Teens face fate worse than death on MTV

Only on MTV would four teens facing imminent death (not to mention a dwindling supply of oxygen!) take time out for a chatty game of “Truth or Dare.” The made-for-TV drama “The Truth Below” (9 p.m., MTV) careens quite quickly from an innocent ski weekend to an avalanche. Trapped together, four photogenic types let their egos rage.

Jenna (Gillian Zinser) pouts because Dante (Nick Thurston), the alpha-male of the crew, doesn’t pay enough attention to her. Ethan (Reid Ewing) cracks wise and makes obnoxious gibes about his prowess and insinuates a casual intimacy with Jenna. You might recognize Ewing as Haley’s boyfriend Dylan from “Modern Family.” Liam (Ricky Mabe) is the mouse at the tea party, a wheezing asthmatic with mother issues to boot.

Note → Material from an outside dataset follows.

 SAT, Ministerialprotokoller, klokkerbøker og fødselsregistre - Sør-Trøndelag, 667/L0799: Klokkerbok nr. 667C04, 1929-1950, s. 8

The game of true confessions hardly makes sense except as a means to propel the movie and inspire flashbacks and kill time between the avalanche and story’s resolution, a very long one hour later. And this being MTV, those confessions involve virginity, gang rape and the perverse invasion of privacy.

For all of its faults, “Truth” hews to at least one essential truth: Young people (at least in movies) may talk about sex all the time, but the subjects of chance encounters, destiny and the notion of an early poignant death are never very far from the surface. Even when you’re buried beneath a mountain of snow.

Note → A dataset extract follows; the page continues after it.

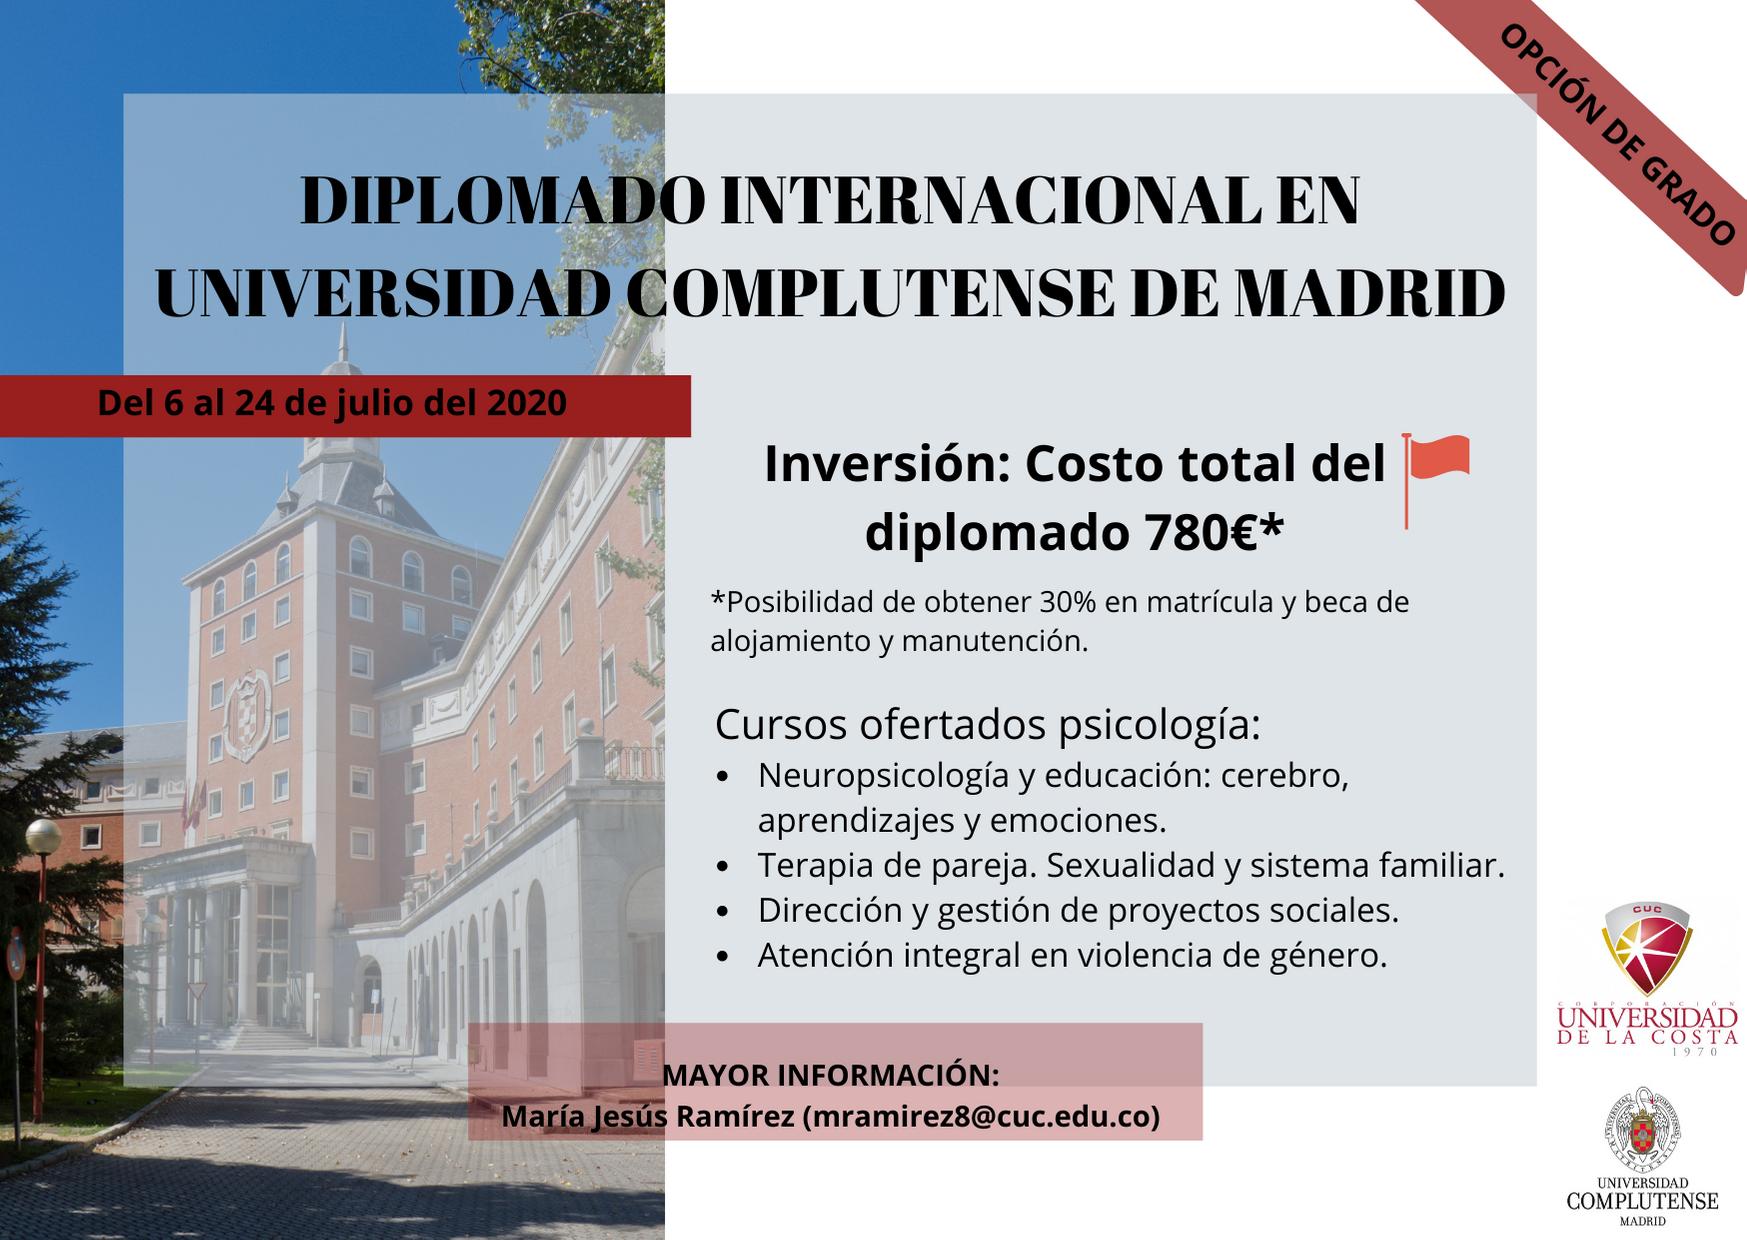 Diplomado Internacional en Universidad Complutense de Madrid

• A dusty crowded facility in Austin, Texas, becomes the setting for “Boxing Gym” (8 p.m., PBS, check local listings), the 2010 documentary study by Frederick Wiseman. This gym’s clientele appears to have as many women as men, and a fair amount of children as well as older men seeking the discipline of a boxer’s training.

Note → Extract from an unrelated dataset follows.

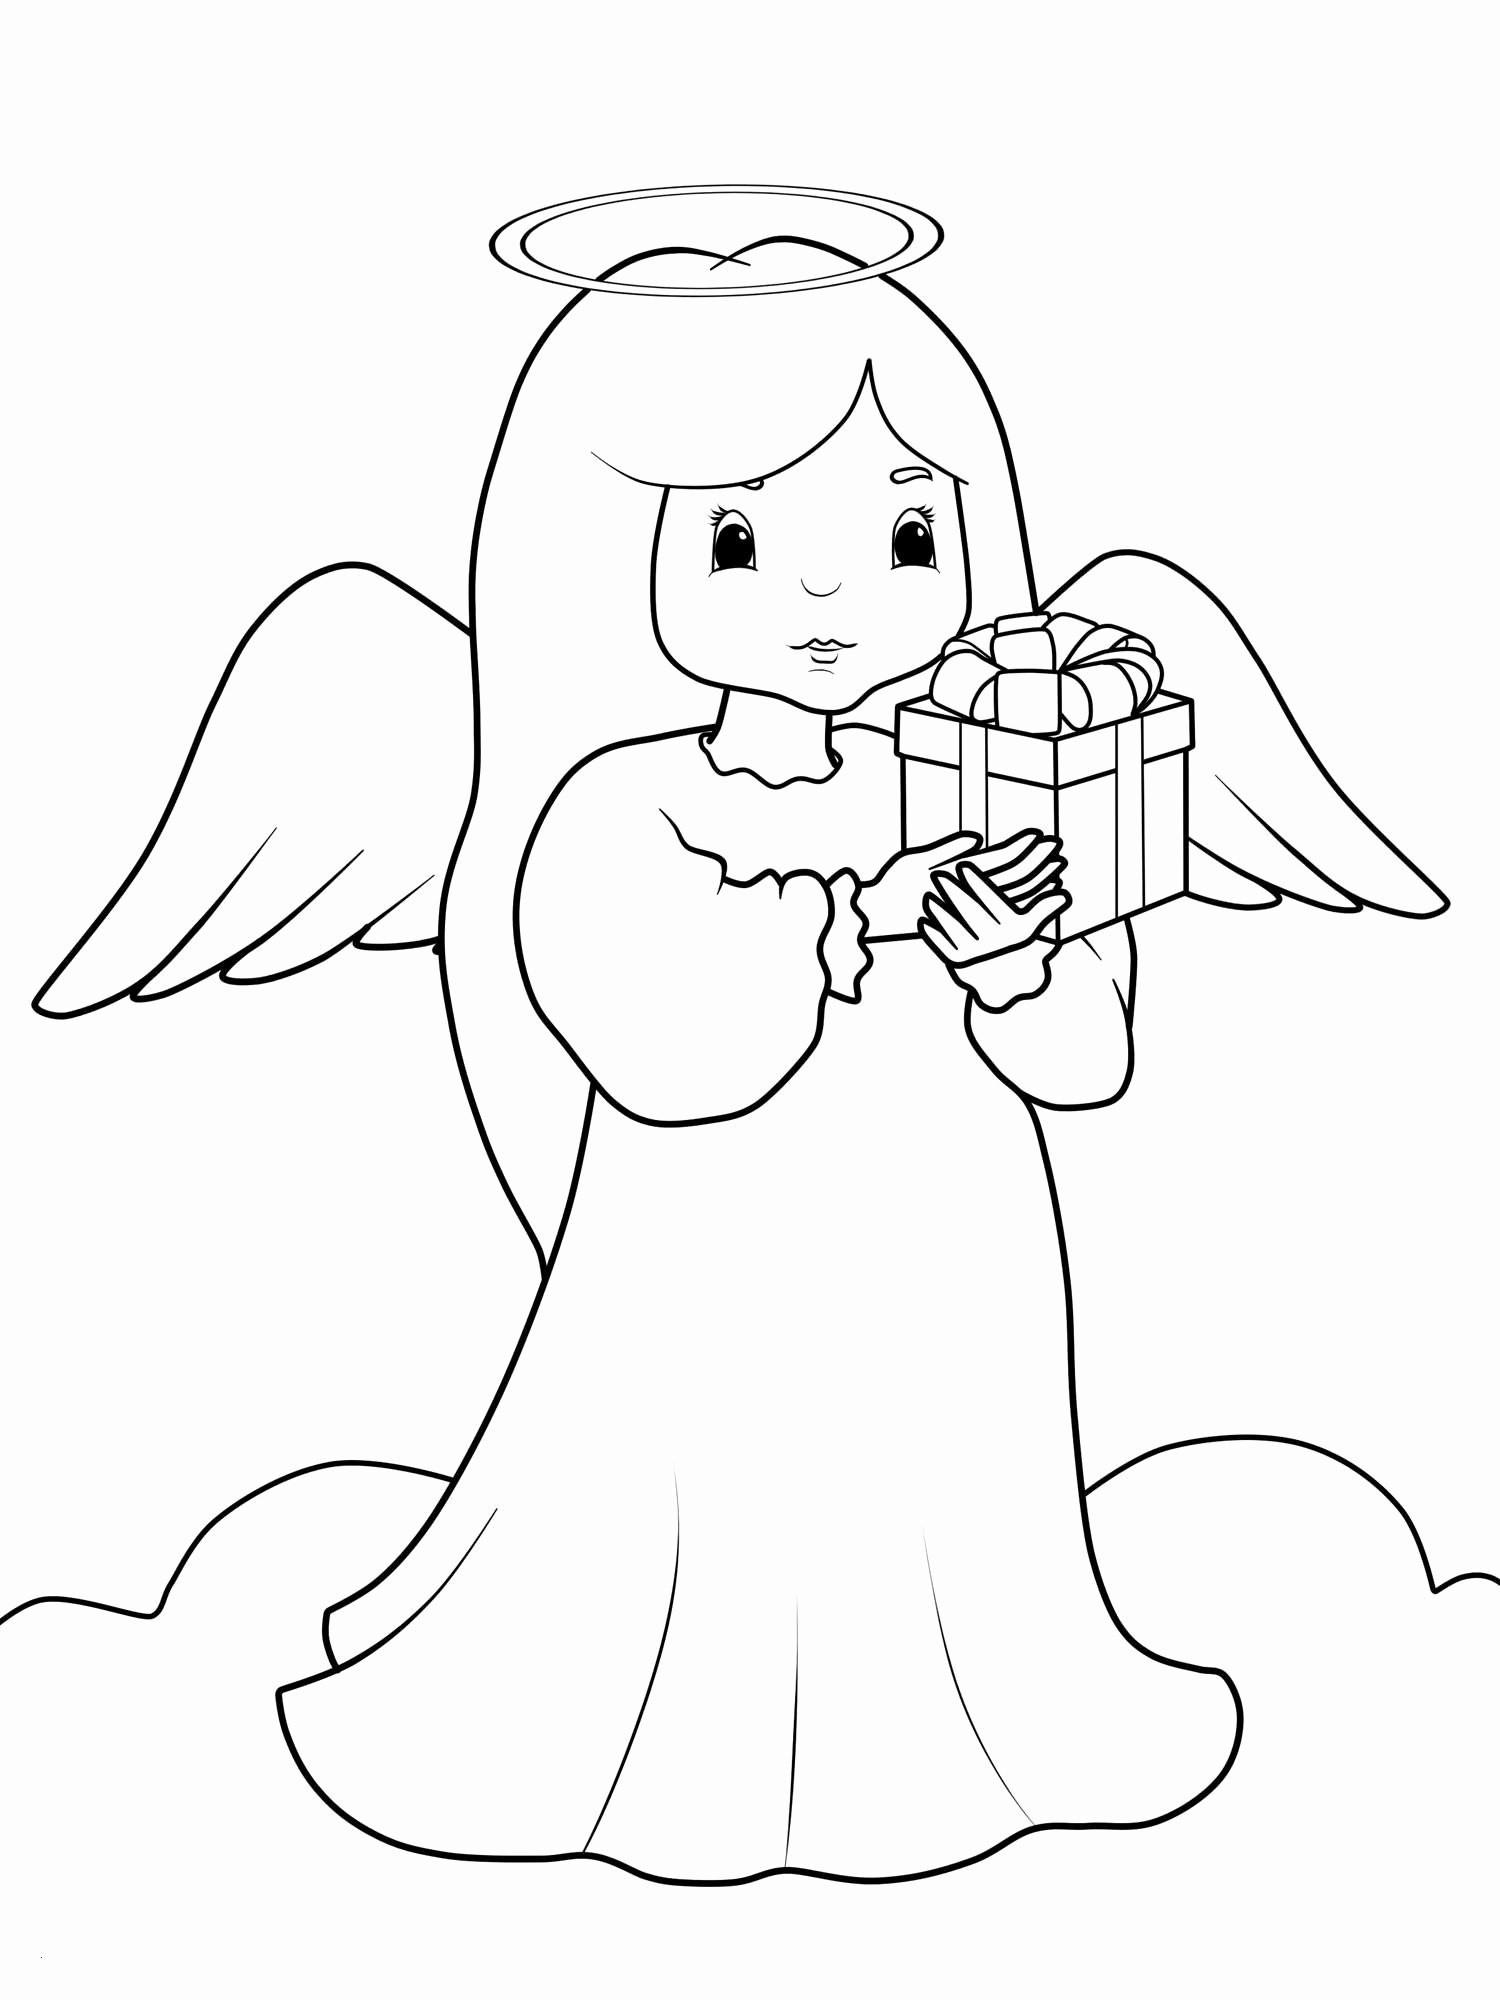 Ausmalbilder Weihnachten Engel Kostenlos Inspirierend Engel Bilder Zum Ausmalen Und Ausdrucken Engel Ausmalbilder Fotos

As in other Wiseman films, the camera hovers over the proceedings like the proverbial fly on the wall, allowing viewers snippets of unfinished conversations and the trance-inducing repetitive action of sparring and training. At times it seems like “nothing” is happening, but an hour later you realize you’ve been submerged into a subculture all its own.

• TCM invites viewers to spend the night screaming along to drive-in shockers from the 1950s and ’60s, beginning with “Attack of the 50 Foot Woman” (7 p.m.) and concluding with “The Killer Shrews” (3:45 a.m.). Look for a young Ron Howard in “Village of the Giants” (8:30 p.m.) from 1965.

Tonight’s other highlights

• Two participants face elimination on “So You Think You Can Dance” (7 p.m., Fox).

• Shred and dead on “CSI” (8 p.m., CBS).

• A baptism by fire on “The Office” (8 p.m., NBC).

• Rachel wants to hit the reset button on “Glee” (8 p.m., Fox).

• A time capsule project requires reflection on “Parks and Recreation” (8:30 p.m., NBC).

• Laura Prepon guest stars on “Love Bites” (9 p.m., NBC).

• Forced back to port on “Swords: Life on the Line” (9 p.m. Discovery).